Fayette County Commission Chairman Steve Brown said he is concerned about the EPD allegations against water system employees and the public’s ability to have confidence in the county’s drinking water.

“I’m concerned and we’re going to talk about it when [County Administrator Steve] Rapson gets back to town,” Brown said Tuesday morning. “... We’re going to address it and there will be a very thorough discussion about what’s going on.”

Brown agreed the EPD report had a lot of issues and there is also information from other sources questioning the water system as well.

One big question is how all the necessary repairs, upgrades and new equipment will be funded.

“We’ve got our work cut out for us, there’s no doubt about that,” Brown said, adding that there is $9 million set aside for a magnetic ion exchange system to meet new federal guidelines that may perhaps come in handy for the other repairs and upgrades outlined in the EPD report.

The county already has a request for proposals out to select a consulting engineering firm to provide guidance and specialized assistance on matters involving the water system. For years and years, that engineering work has been handled by Mallet Consulting.

When the smelly and bad-tasting water issues arose in May and lingered for weeks, the county entered an emergency contract for engineering consulting services with CH2M Hill. That company is the former employer of current County Administrator Rapson.

Rapson is out of town and unavailable for comment. Water System Director Tony Parrott did not return a call from The Citizen Tuesday morning seeking comment on the EPD’s report.

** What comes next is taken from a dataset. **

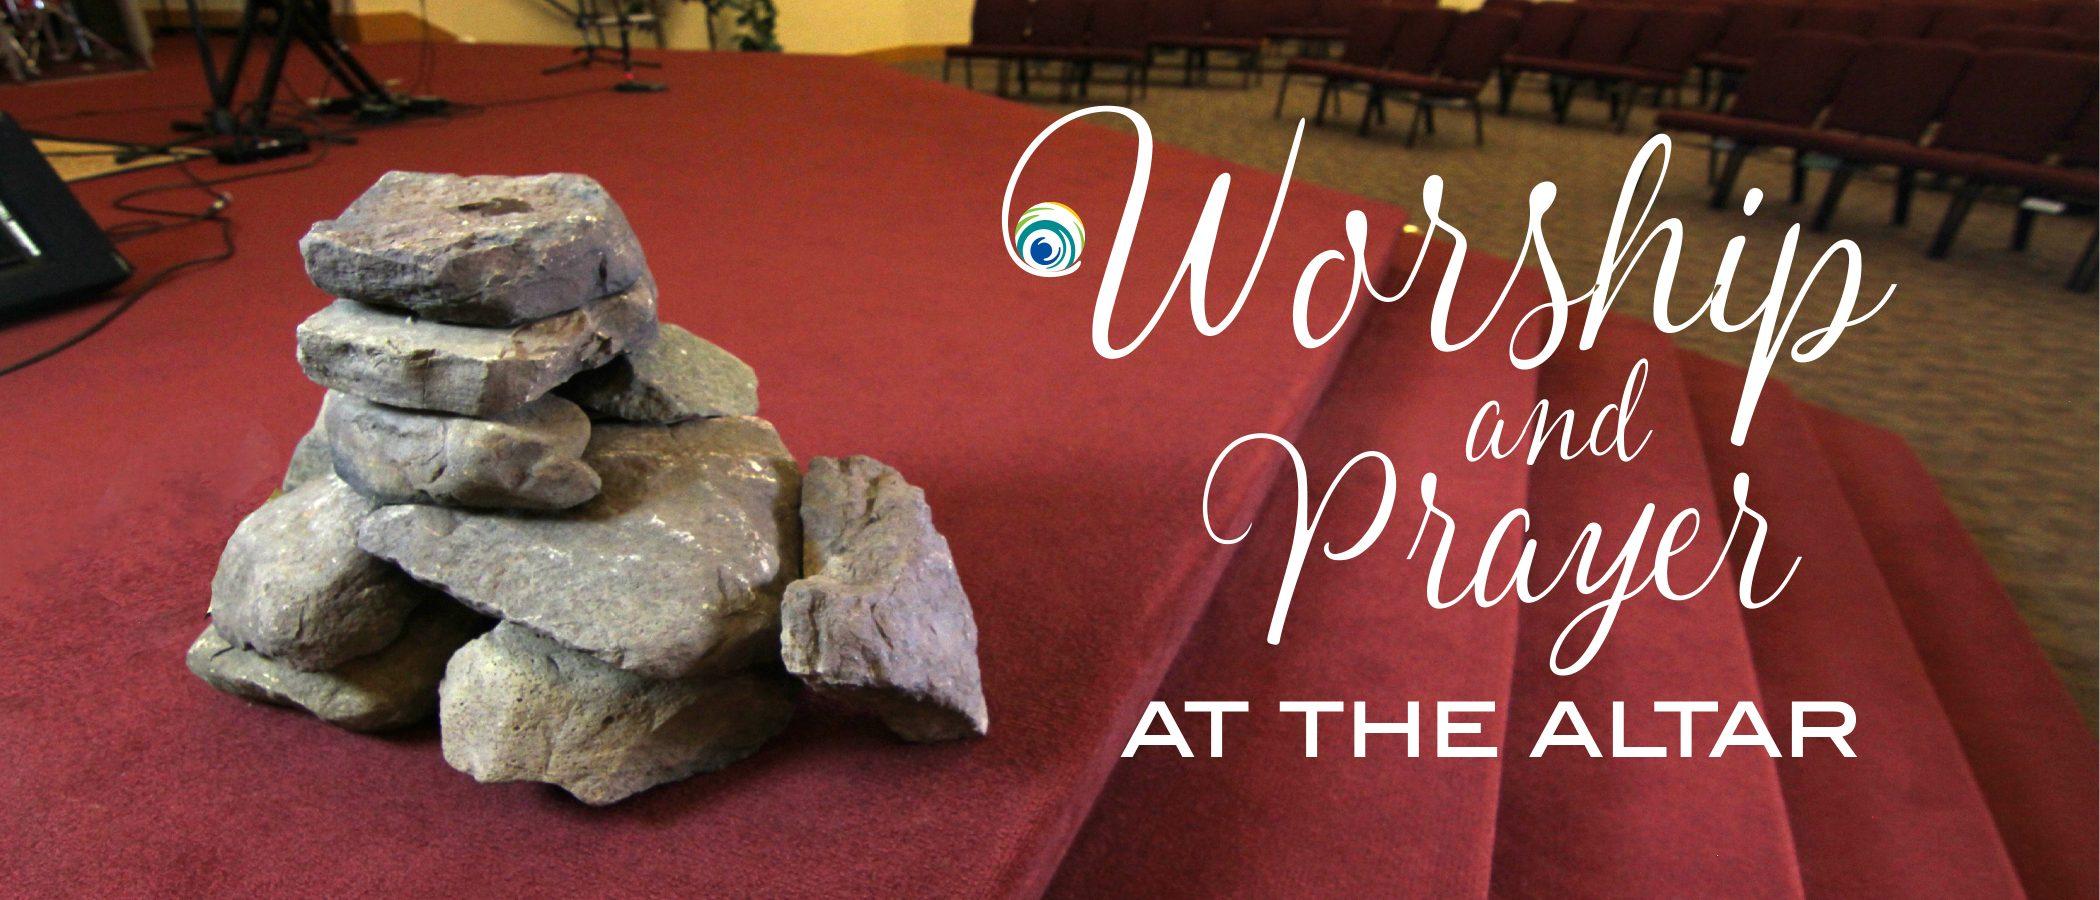 wednesday-morning-worship-and-prayer-11brd-dq2021-web-banner32x-100

Among the rule violations listed by the EPD include:

• Failure to provide daily continuous disinfectant residual readings for the last three years;

• Failure to employ a Class I Water Operator to be the official in charge of day to day operations of the Crosstown and South Fayette water plants;

• Failure to record the results of individual filter monitoring every 15 minutes; the turbidimeters at the Crosstown plant were not calibrated between Feb. and Oct. 2012 though they are required to be conducted quarterly;

• Failure of the continuous turbidity monitoring equipment, specifically at filter no. 5 at the Crosstown plant which was out for more than five days “and the water plant personnel were unaware this situation existed until it was brought to their attention. The monthly operating report did not indicate a problem with any of the filters,” which is also a reporting violation; and

• Failure to properly conduct analysis of the daily concentration of chlorite due to the improper use of a particular gas used in the process.

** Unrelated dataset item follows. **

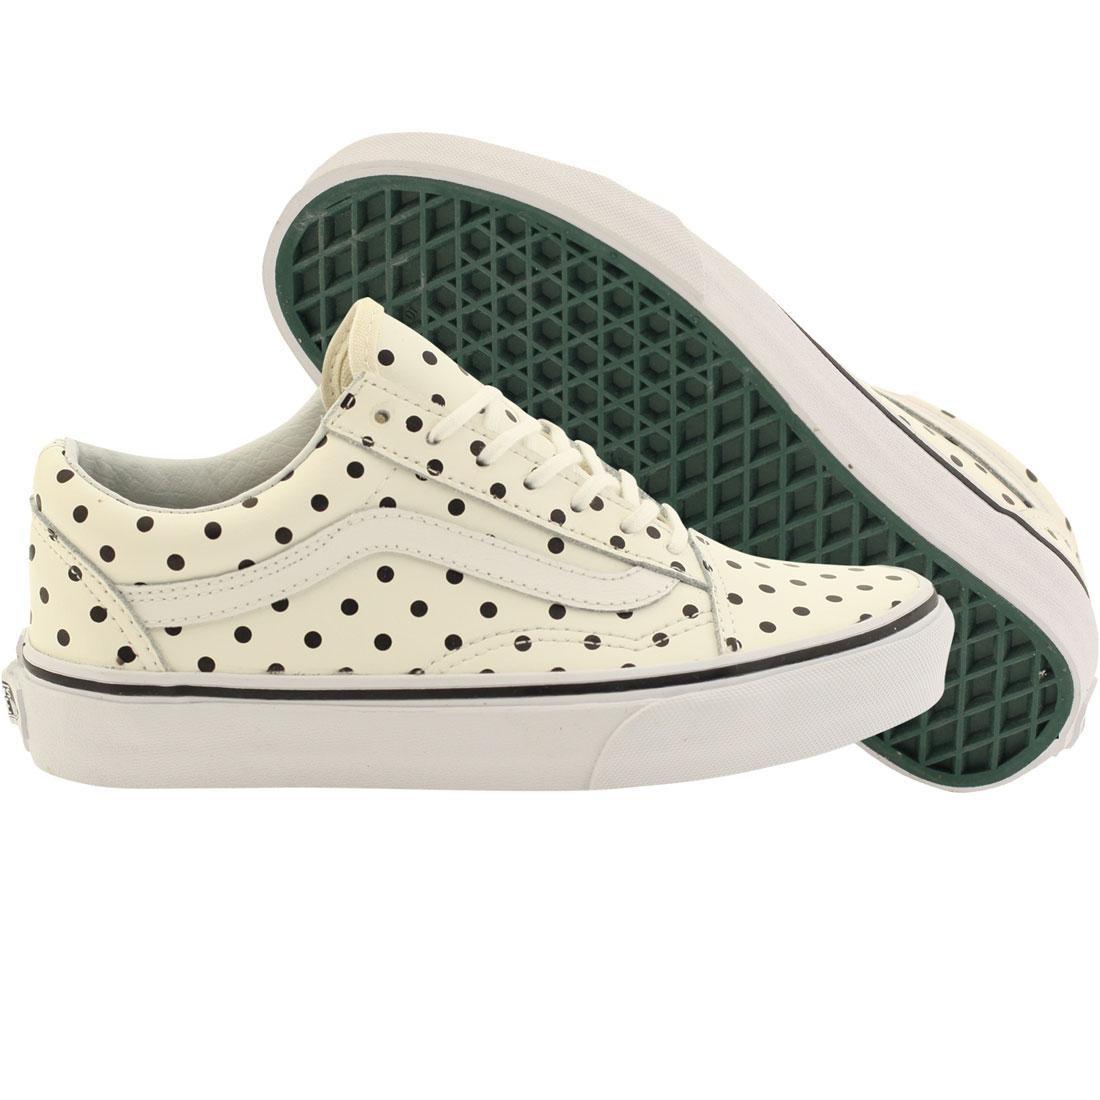 946b02ac9410d2 Vans Women Old Skool - Leather Polka Dots white

Other rule violations were as mundane as failure to have a business plan for the water system and a failure to keep copies of “any written reports, summaries or communications relating to sanitary surveys of the system conducted by the system itself, by a private consultant, or by any local, state or federal agency.” The sanitary survey documents are required to be kept for at least 10 years, according to EPD.

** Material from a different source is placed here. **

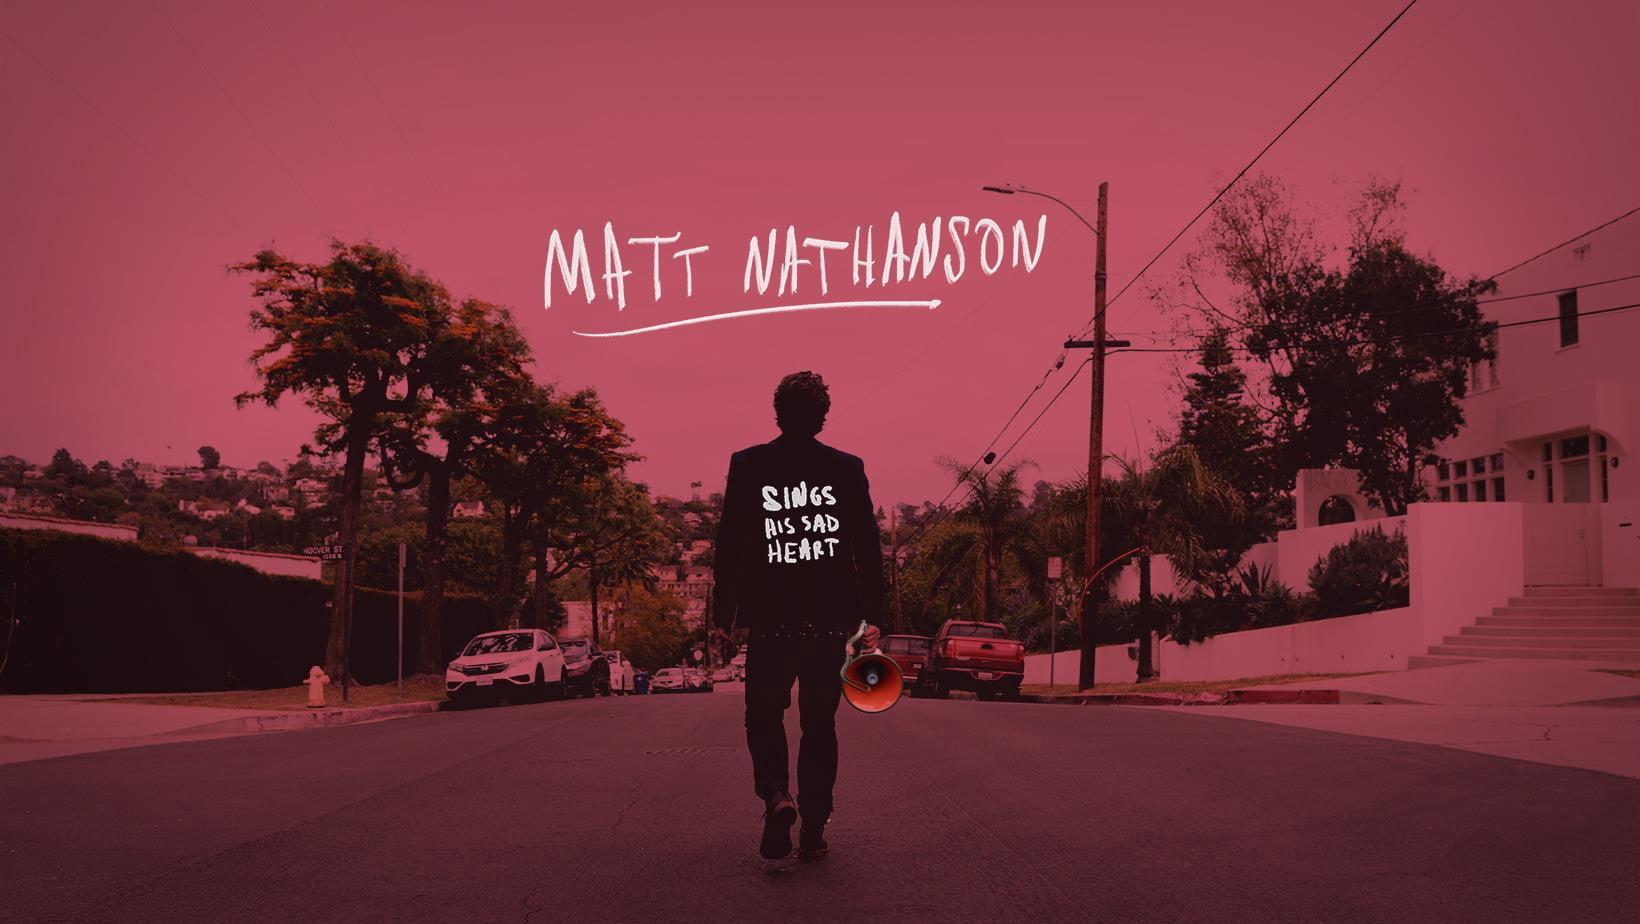 Matt Nathanson: Writing From the Heart

Some of the deficiencies at Crosstown WTP were related to disposal of empty chemical containers and appropriate labeling of chemical packages along with labeling certain equipment. The water system must also establish a training program to “bring all operators up to date with operations of he plant, current regulations and safety procedures.”

Although deficiencies were also identified at the South Fayette Water Treatment Plant, they were not as extensive or intensive as the list for the Crosstown WTP. At the South Fayette WTP, deficiencies included updating and recording of all maintenance activities, labeling all chemical bulk storage and day tanks, evaluating media depth in filters and replenishing to design specifications and removal of chemicals, cleaning equipment and supplies from the electrical room.

Consequently, the South Fayette WTP scored a 76.6 percent on the sanitary survey, giving it a rating of “satisfactory performance” while the Crosstown plant scored a 69.4 percent, earning a rating of “concerned performance.”

The water system has 45 days from the date of the report to respond to EPD with measures that will be taken to correct the deficiencies.